▶ [Work to be completed] Below are entries; repeat exactly, and nothing else, the lines from the one holding "The making of garlic roasted potatoes" through the one holding "Justin Howl to", inclusive. Leave the pictures out.

▶ [Exercise data]
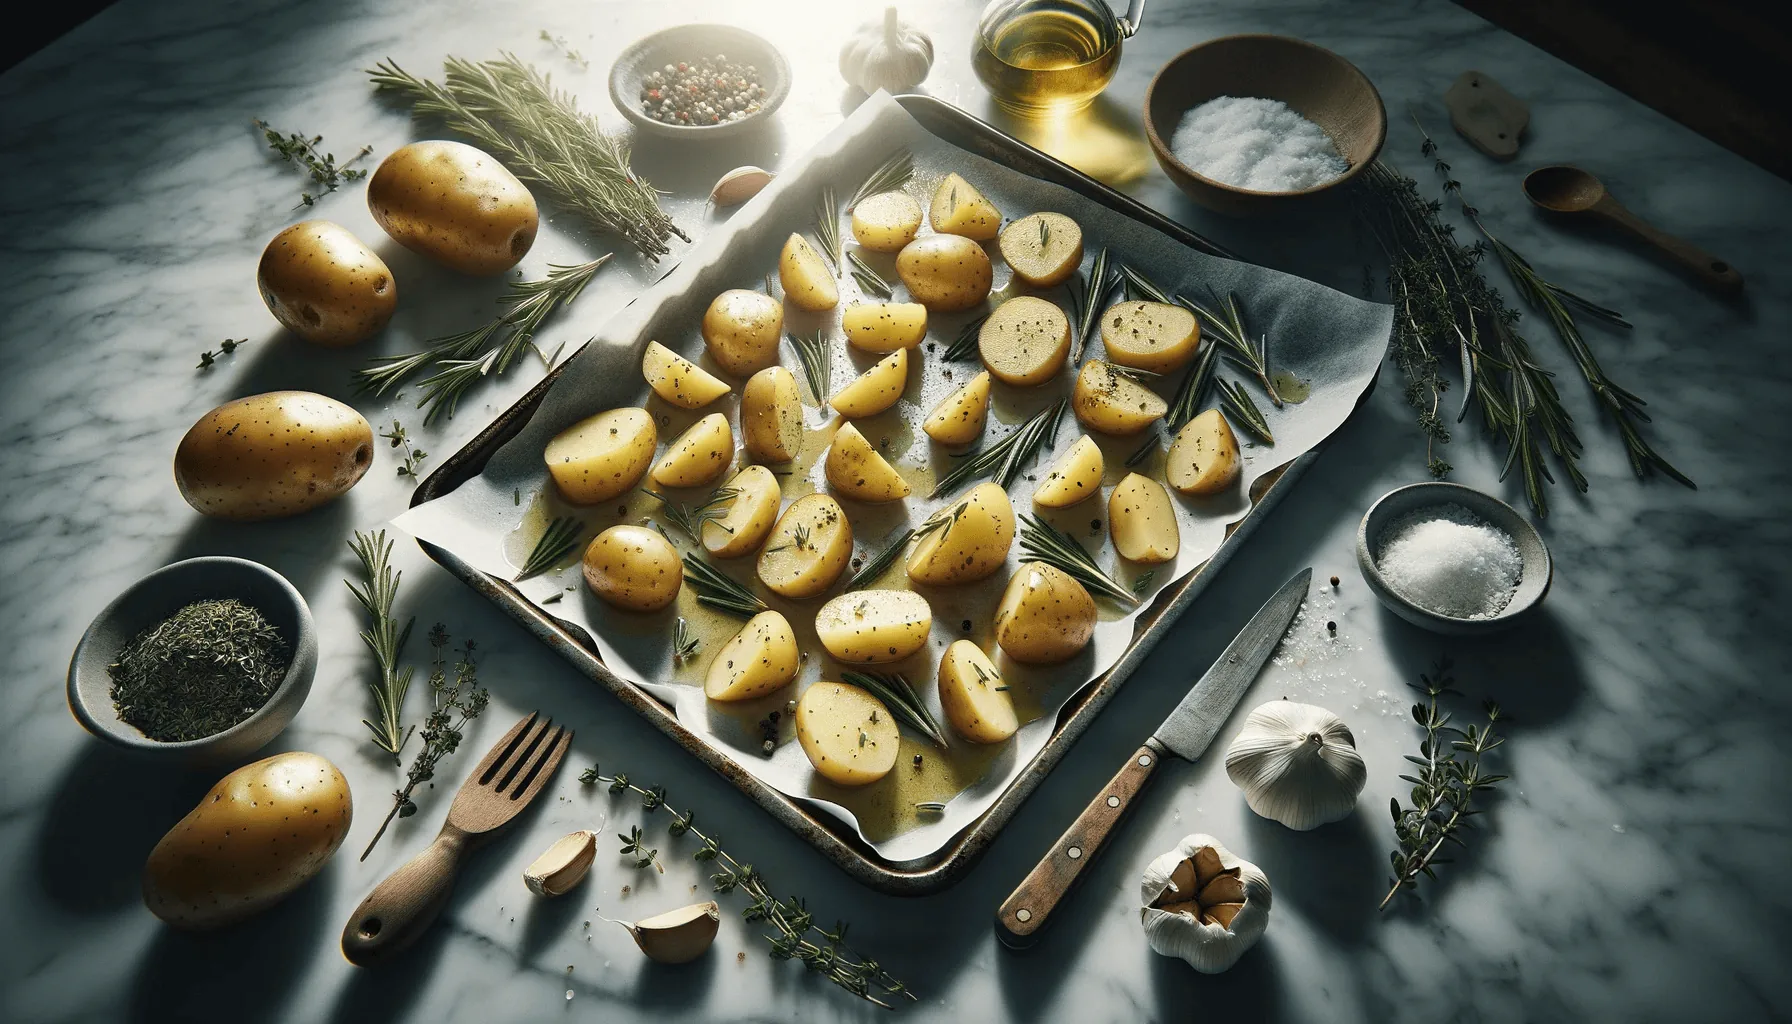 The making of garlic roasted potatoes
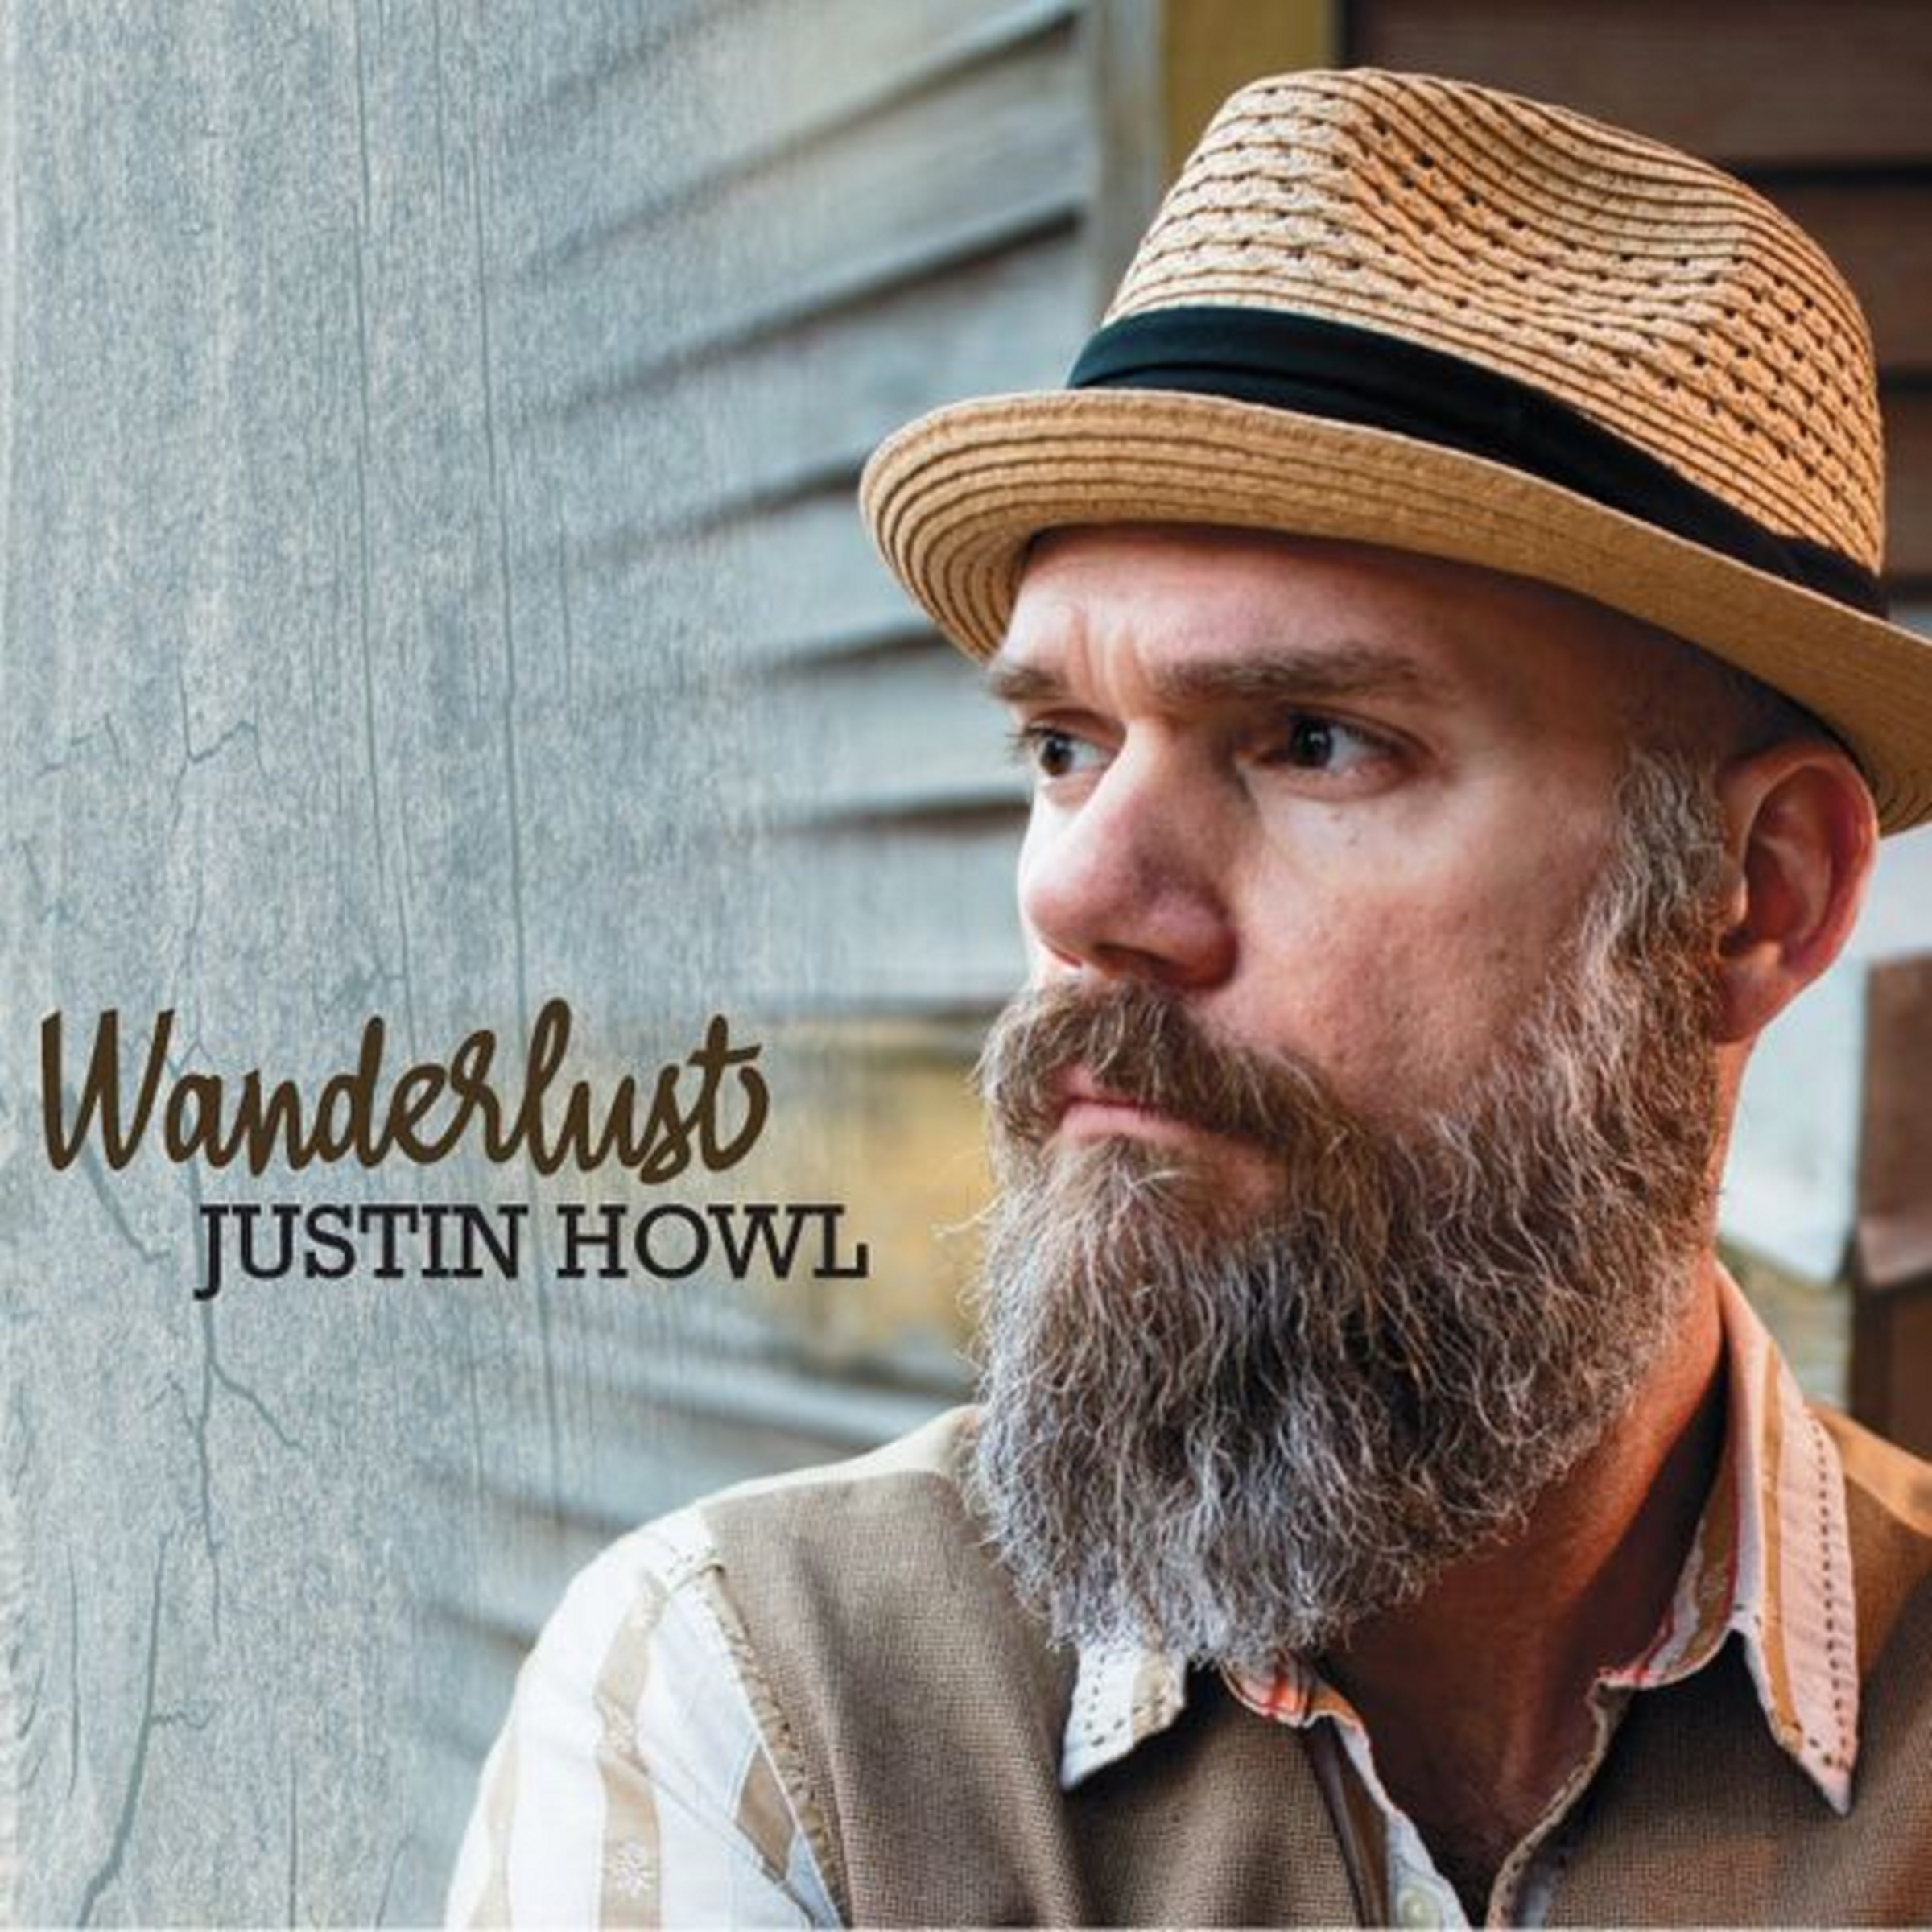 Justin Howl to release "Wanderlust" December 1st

* * *

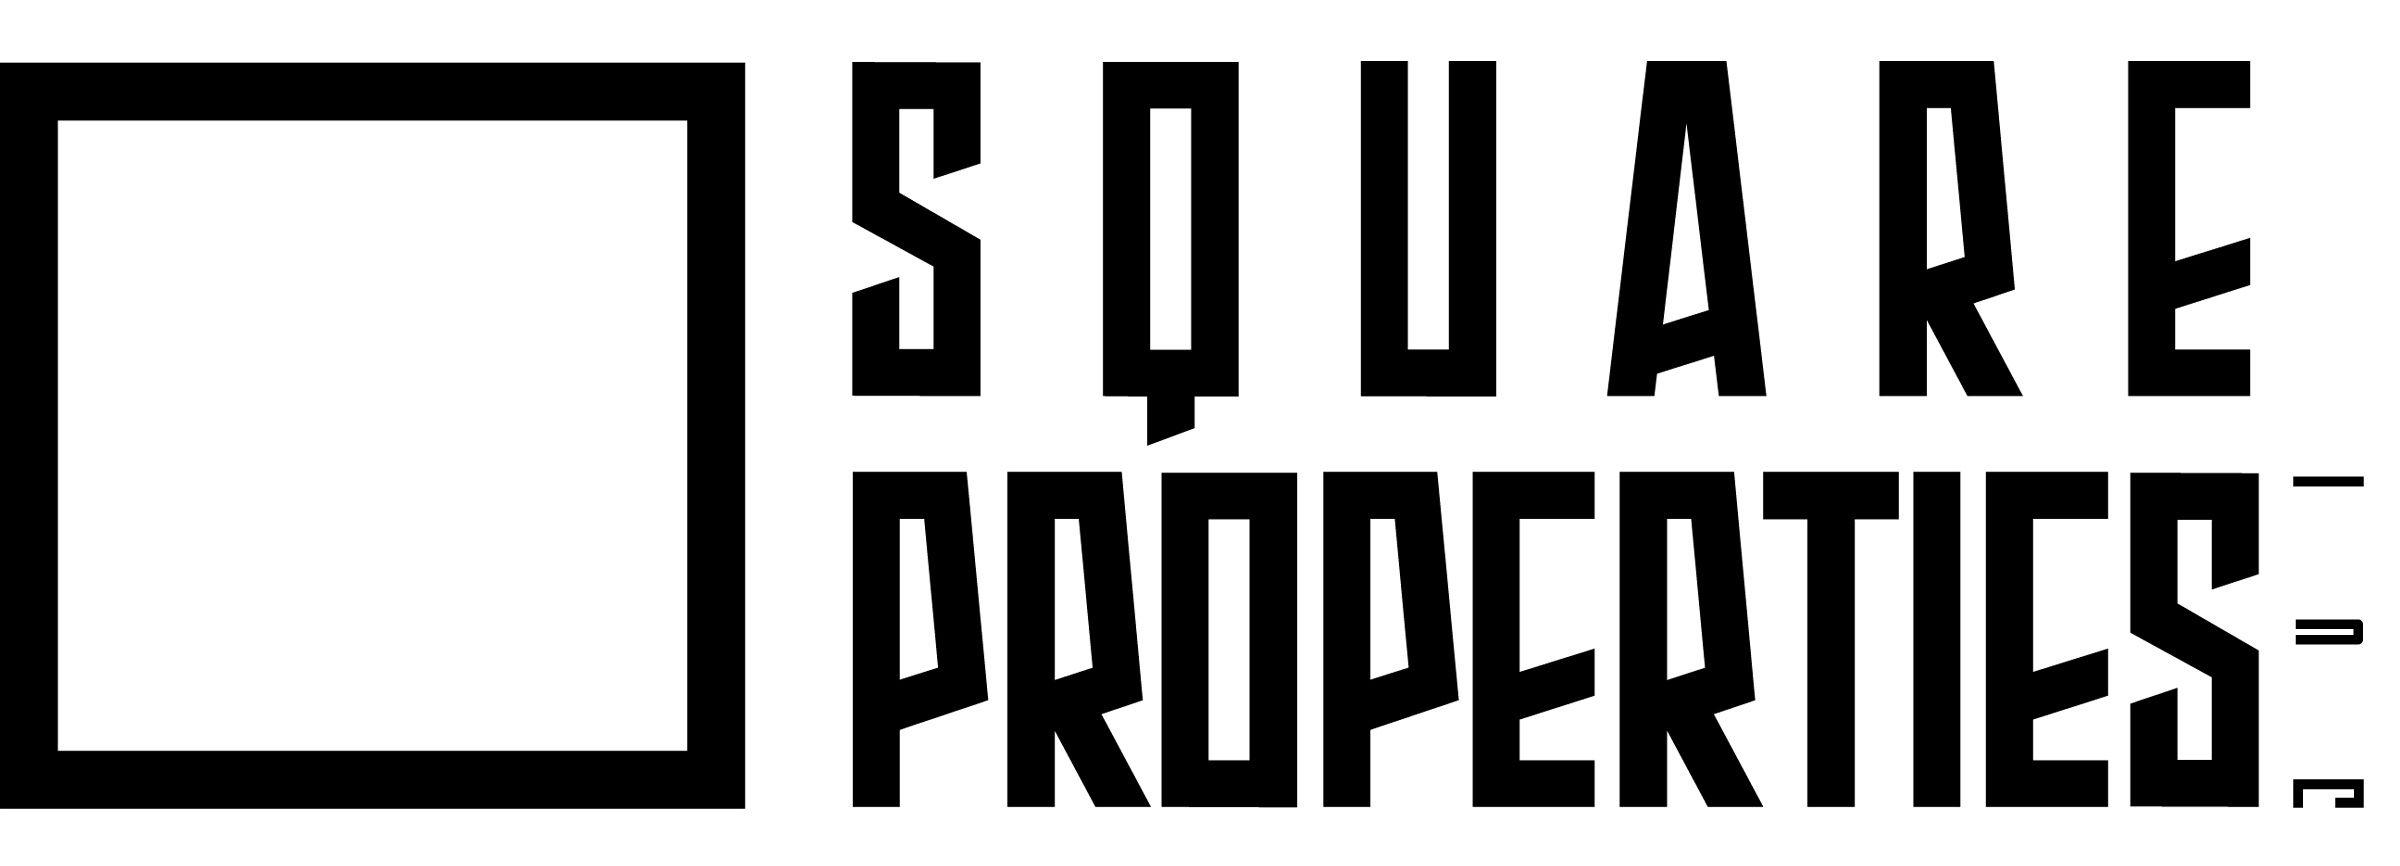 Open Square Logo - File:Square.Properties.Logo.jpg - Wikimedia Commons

* * *

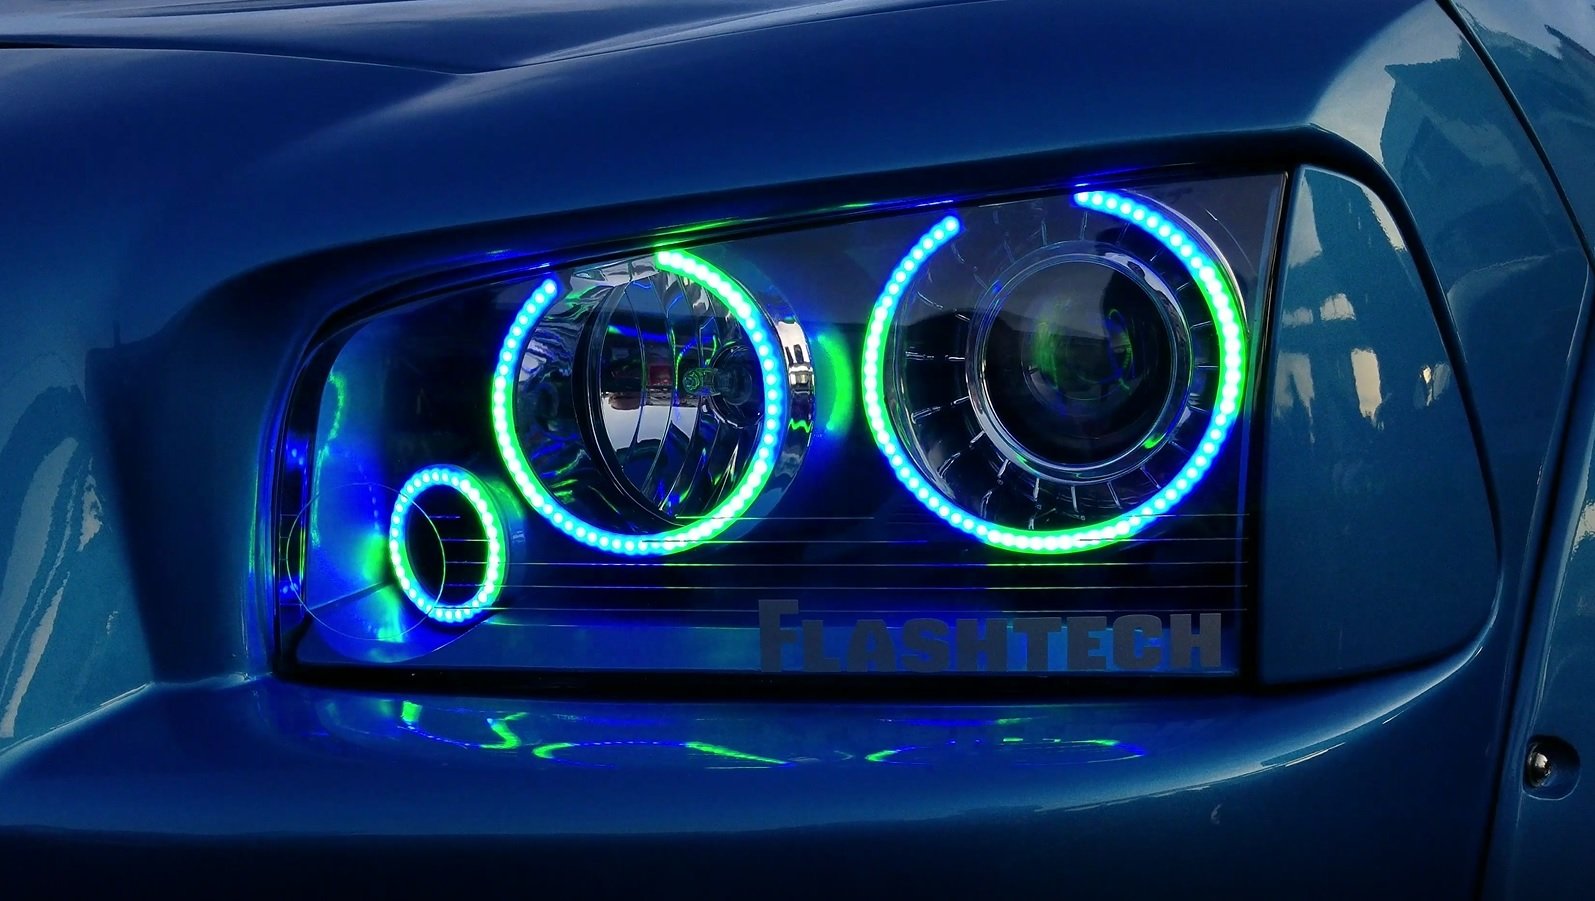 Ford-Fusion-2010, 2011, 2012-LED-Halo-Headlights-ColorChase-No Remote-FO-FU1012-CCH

▶ [Response for this exercise]
 The making of garlic roasted potatoes
 Justin Howl to release "Wanderlust" December 1st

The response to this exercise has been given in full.